6.50As noted above at [6.3], a balanced approach is also required because of the right to freedom of expression. Fair and honest criticism of judgments and courts is legitimate and needed in a democratic society.543
6.51The recent press activity in England following the first judicial decision that Brexit could not be triggered without a vote by Parliament illustrates how the balance has shifted towards freedom of expression following the abolition of the contempt of scandalising. As a result of this judicial decision, three newspapers published photos of the three judges involved, with headings such as “enemies of the people” and “the judges versus the people” and, within the articles, making allegations that the judiciary was biased: “infested with Europhiles”, as well as making attacks on each of the judges on a personal level. There were calls for the Lord Chancellor to defend the judges. The Lord Chancellor, however, in essence made it clear that while the rule of law is important so too is freedom of the press and she was not prepared to criticise the newspapers because they had not broken the law. This did not quiet criticism however, and Sir Geoffrey Palmer QC subsequently wrote:544

It took an embarrassingly long time for the Lord Chancellor to issue a statement defending the Judges and upholding the basic constitutional principle of English law, the independence of the judiciary.

6.52In 2013, as we have noted earlier, England abolished the common law contempt of scandalising so, while some of the coverage was quite distasteful and misleading, there could be no suggestion that the newspapers were breaking the law in this respect.

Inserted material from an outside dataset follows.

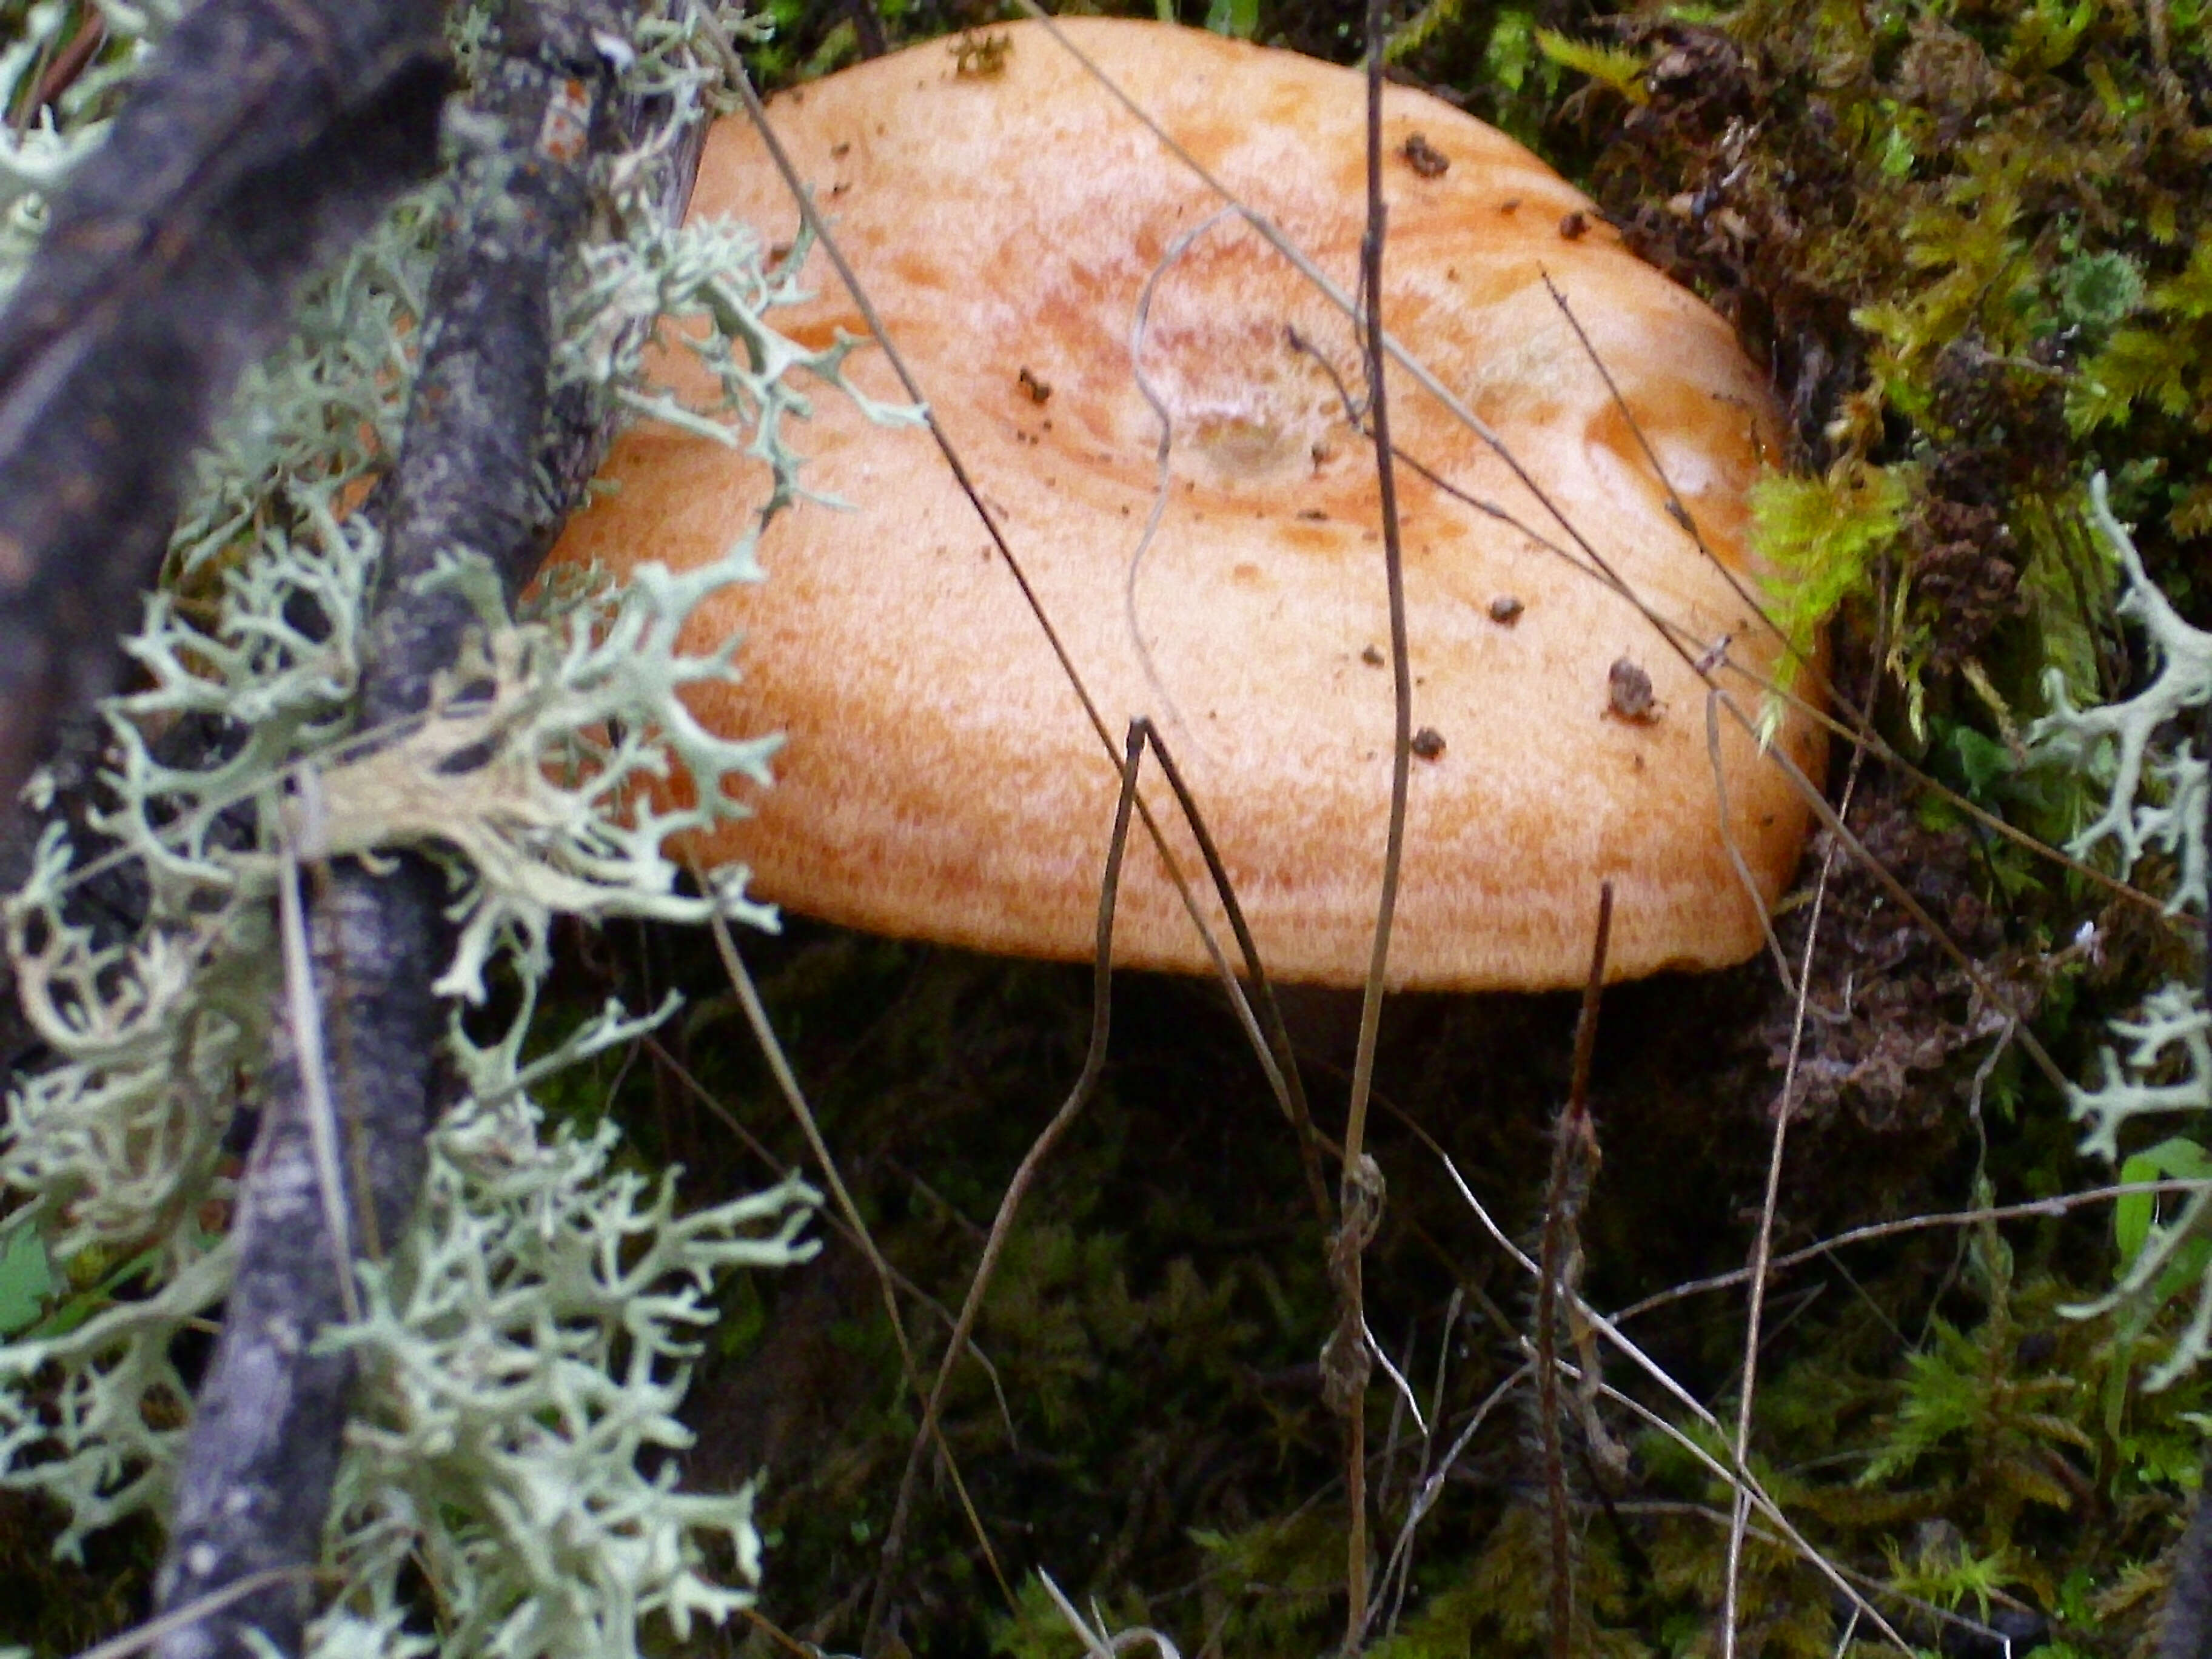 Image of Red Pine Mushroom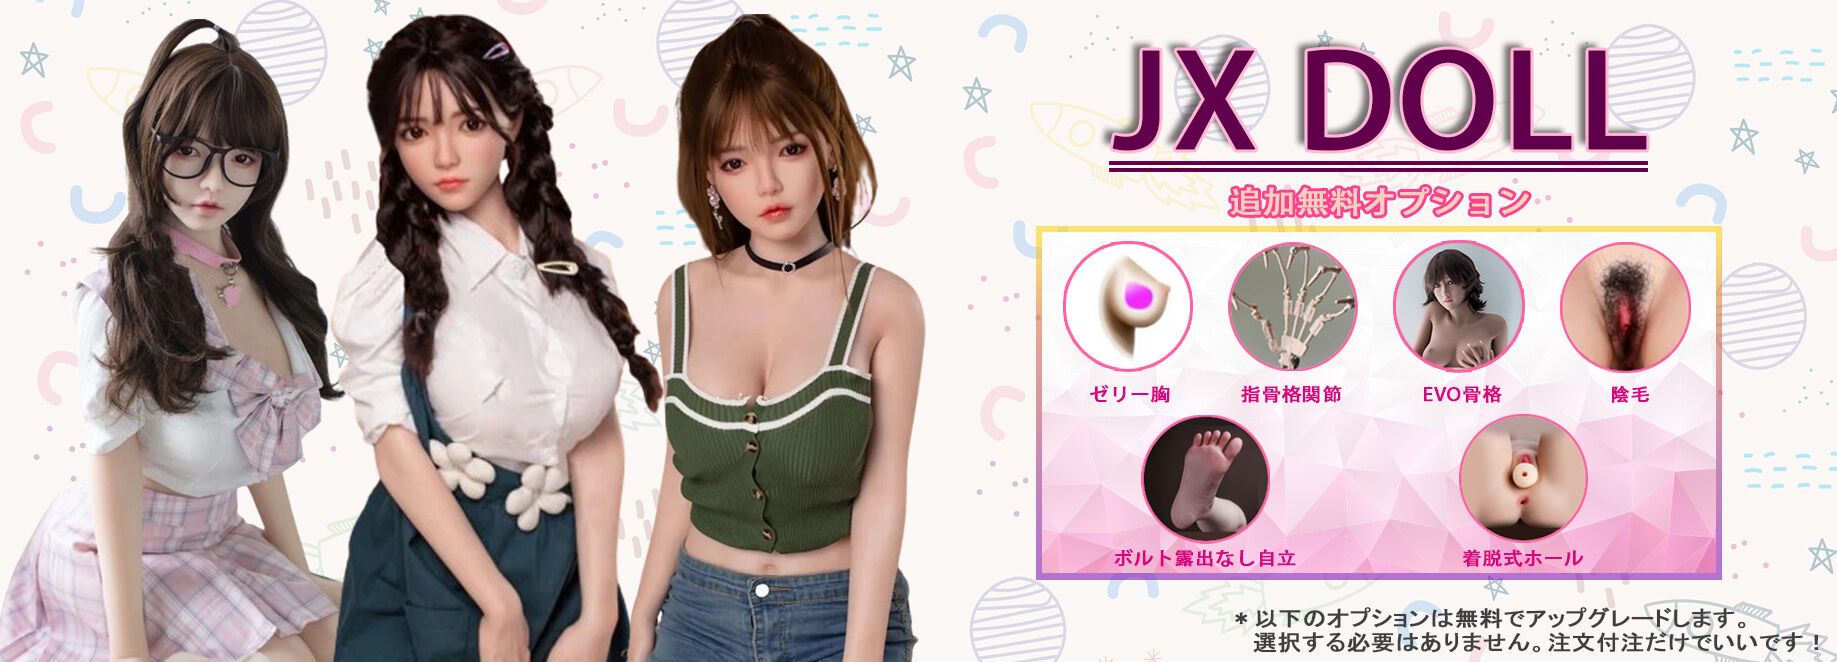 JXDoll大型オナホ通販日本高級ナオホールとオナホ人気商品一覧

537Oath and Declarations Act 1957, s 18. See also above at [3.42].
538Eady and Smith, above n 497, at [5-207].
539Cheer, above n 465, at 558.
540Siemer v Ferrier Hodgson, above n 492, at [32].
541At [31].
542Possibly because of the decisions in Brooker v Police [2007] NZSC 30, [2007] 3 NZLR 91 and Morse v Police [2011] NZSC 45, [2012] 2 NZLR 1.
543Solicitor-General v Radio Avon Ltd, above n 458, at 231; Gallagher v Durack, above n 458, at 243. See also [6.3]–[6.4]; and Cheer, above n 465, at [16.1].
544Geoffrey Palmer “Do the British understand their own unwritten Constitution?” [2017] NZLJ 27 at 27.